A credit card is an ID sized card that contains a chip and/or a magnetic strip which contains the personal information of the card holder. This personal information is the same information that one needs when making a loan. If an individual or an organization needs to make a purchase, presenting this card grants the purchaser the right to pay the merchant the corresponding price/fees involved for the product or service.

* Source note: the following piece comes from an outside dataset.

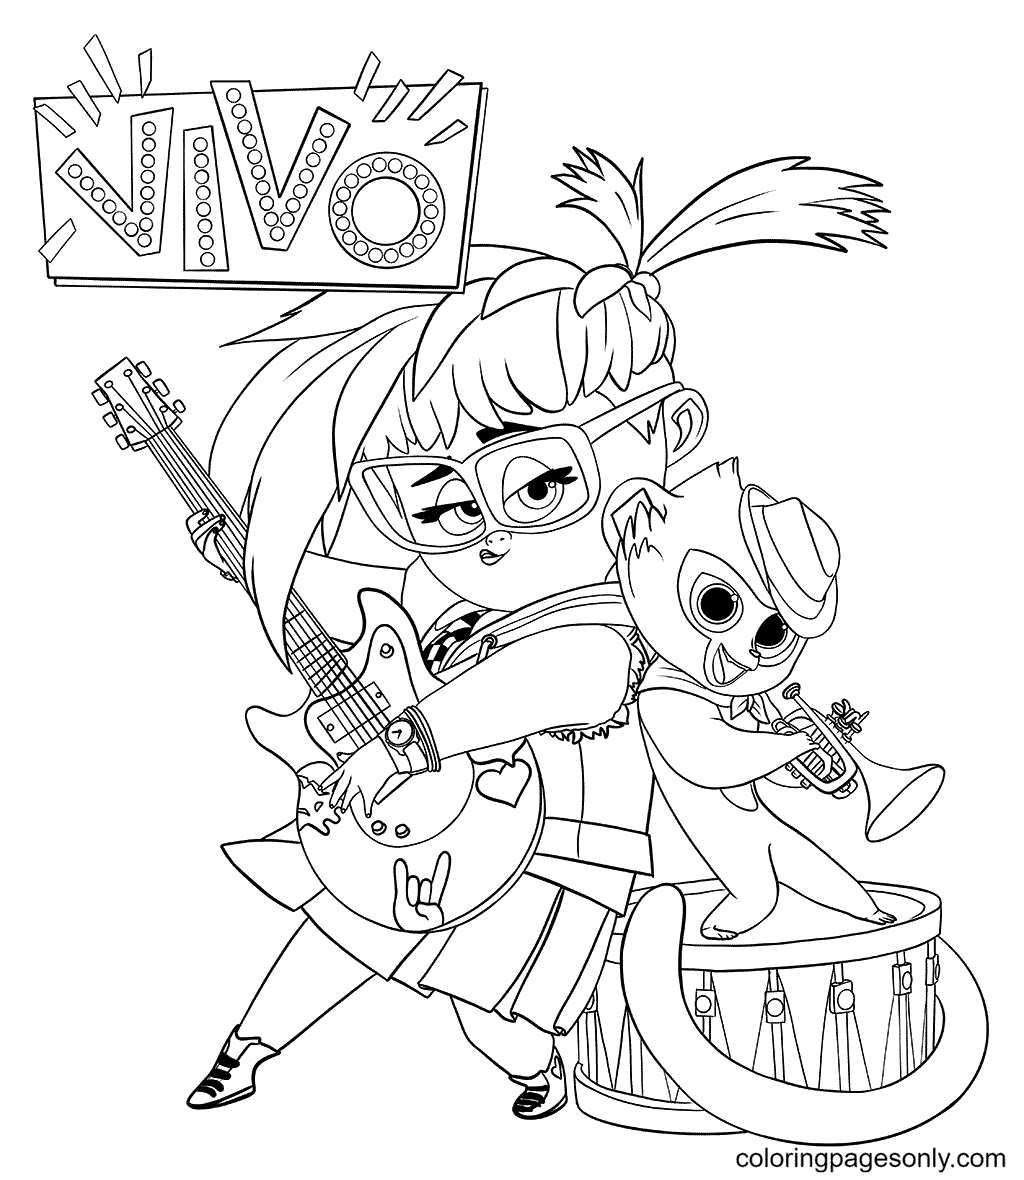 Monkey Vivo And Gabriela From Vivo Coloring Pages

A merchant is the entity from which the credit card holder purchases a product or service. By presenting the credit card with a merchant, the personal information is then transmitted to the credit card issuer who validates the credibility of the card holder to pay. Once clearance has been obtained by the merchant, the merchant receives a confirmation to proceed with the purchase. This gives the merchant the peace of mind that the product sold has been paid.
Credit Card Issuer
The credit card issuer is a bank entity or any financial institution who acts as a guarantor/payor to a merchant. The credit card issuer pays the merchant in advance for any purchase or payment made by the account holder. The credit card issuer then charges the account holder for the purchase. These charges remain as a debt being charged by the credit card issuer with interest. The credit card issuer is then in charge of collecting the sum purchased by the credit card holder.
Credit Card Holder
The credit card holder is the individual or organization who makes use of the credit card to pay it’s purchases and expenses. Once the payment has been made, the holder is then obliged to pay the entity issuing the credit card as they have paid the merchant for the purchase made.